A glimpse of the future in computing

Aug 22, 2008 08:20 GMT  ·  By

As previously mentioned, yesterday was the last day of Intel's Developer Forum event, which has held in San Francisco at the Moscone Center. During the three-day conference, the Santa Clara-based leading chip maker released a number of details on its in-development projects, while also demoing a couple of the soon-to-be released products, like the Calpella notebook platform. Aside from its own products and technologies, the company also displayed a couple of products that are meant to be part of the next-generation computing technology.

While most computer users only benefit from a maximum of 1GB of system memory, during the IDF event, Intel showcased 16GB RAM memory sticks.
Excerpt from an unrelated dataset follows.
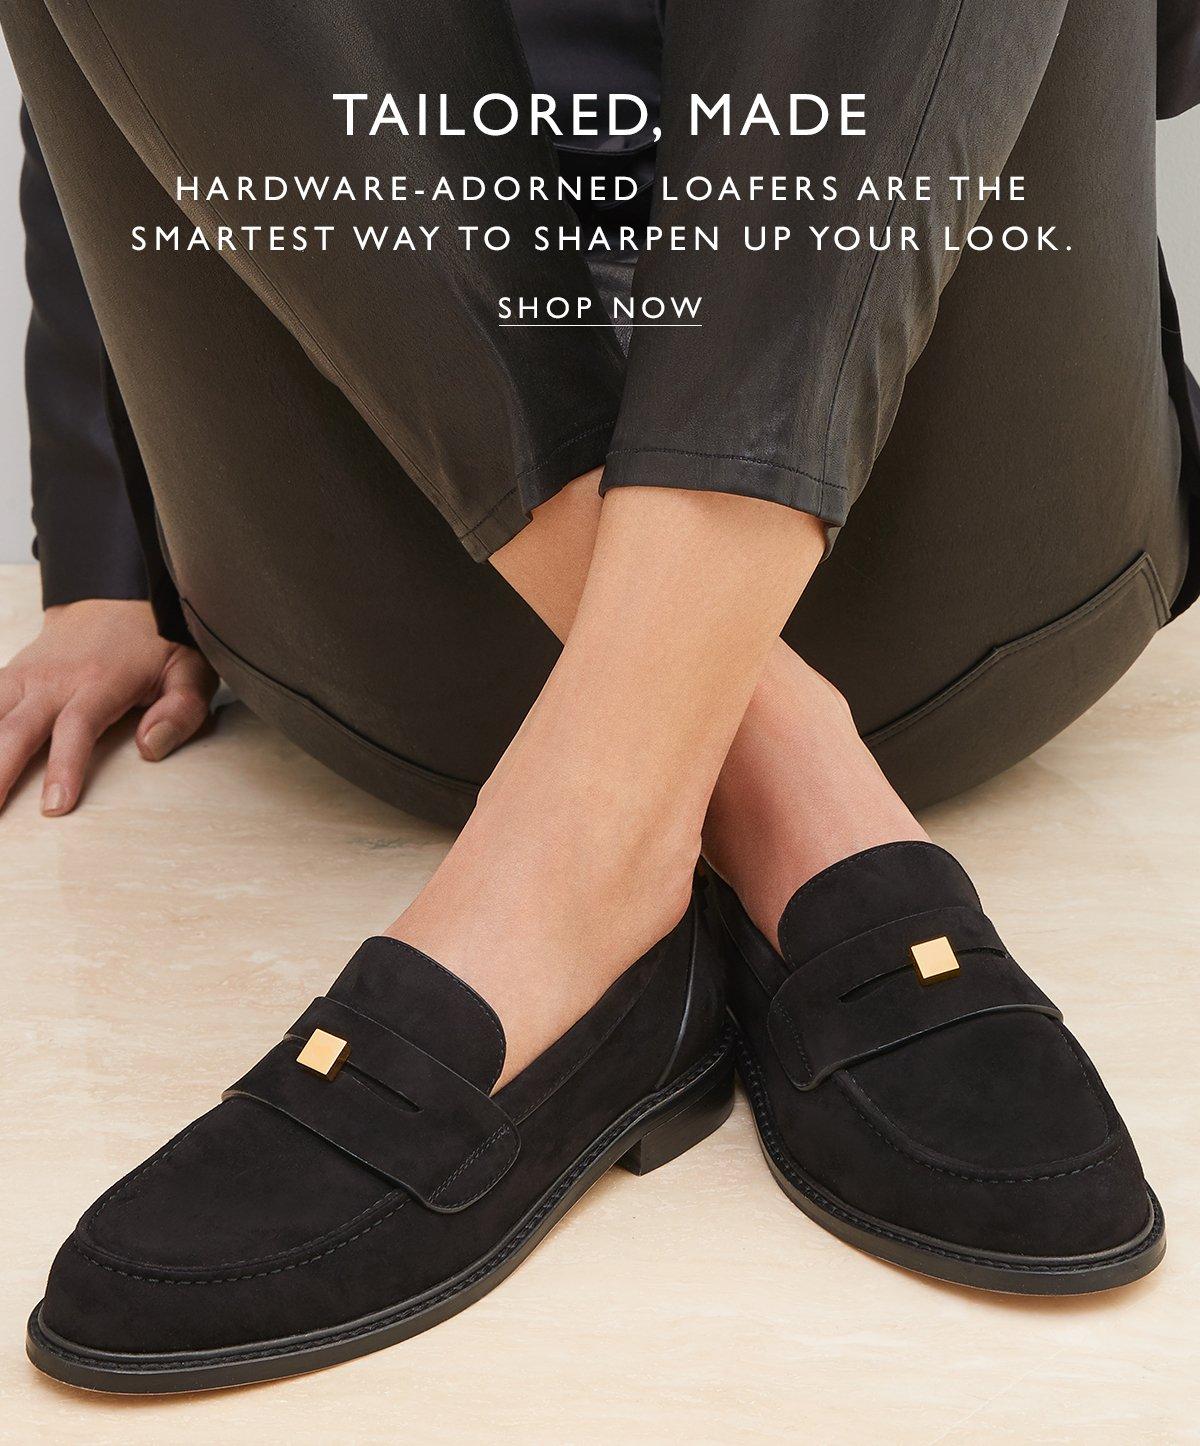 Stuart Weitzman: Looking for Loafers

Developed by Hynix, these high-capacity memory sticks use technology from MetaRAM in order to stack all individual DRAMs onto them.

"As a leader in DRAM technology, Hynix is pleased to be working with MetaRAM and Intel to successfully develop the world's first 16GB DDR3 module," said Senior Vice President of Marketing at Hynix Semiconductor, Mr. J.B. Kim. "With this product introduction we expect to see growth in high performance, high density applications." he added.

"Hynix has always been at the leading edge of memory innovation and it immediately understood how our new DDR3 MetaRAM technology could improve customers' overall compute performance by increasing the memory capacity and frequency," said Fred Weber, the CEO of MetaRAM. "We've seen good market traction with our DDR2 MetaSDRAM chipset. We believe that the adoption into Intel-based servers and workstations as well as the memory bandwidth benefits of DDR3 MetaRAM will garner even more momentum for our chipsets and technology."

Intel representatives showed off the memory inside a number crunching server, built using 10 of these sticks for a total memory of 160GB - this, in a context in which some computer users get to benefit from that amount of space on their hard drives. The server was running on two of the company's upcoming Nehalem EP processors, which will use triple channel DDR3 memory.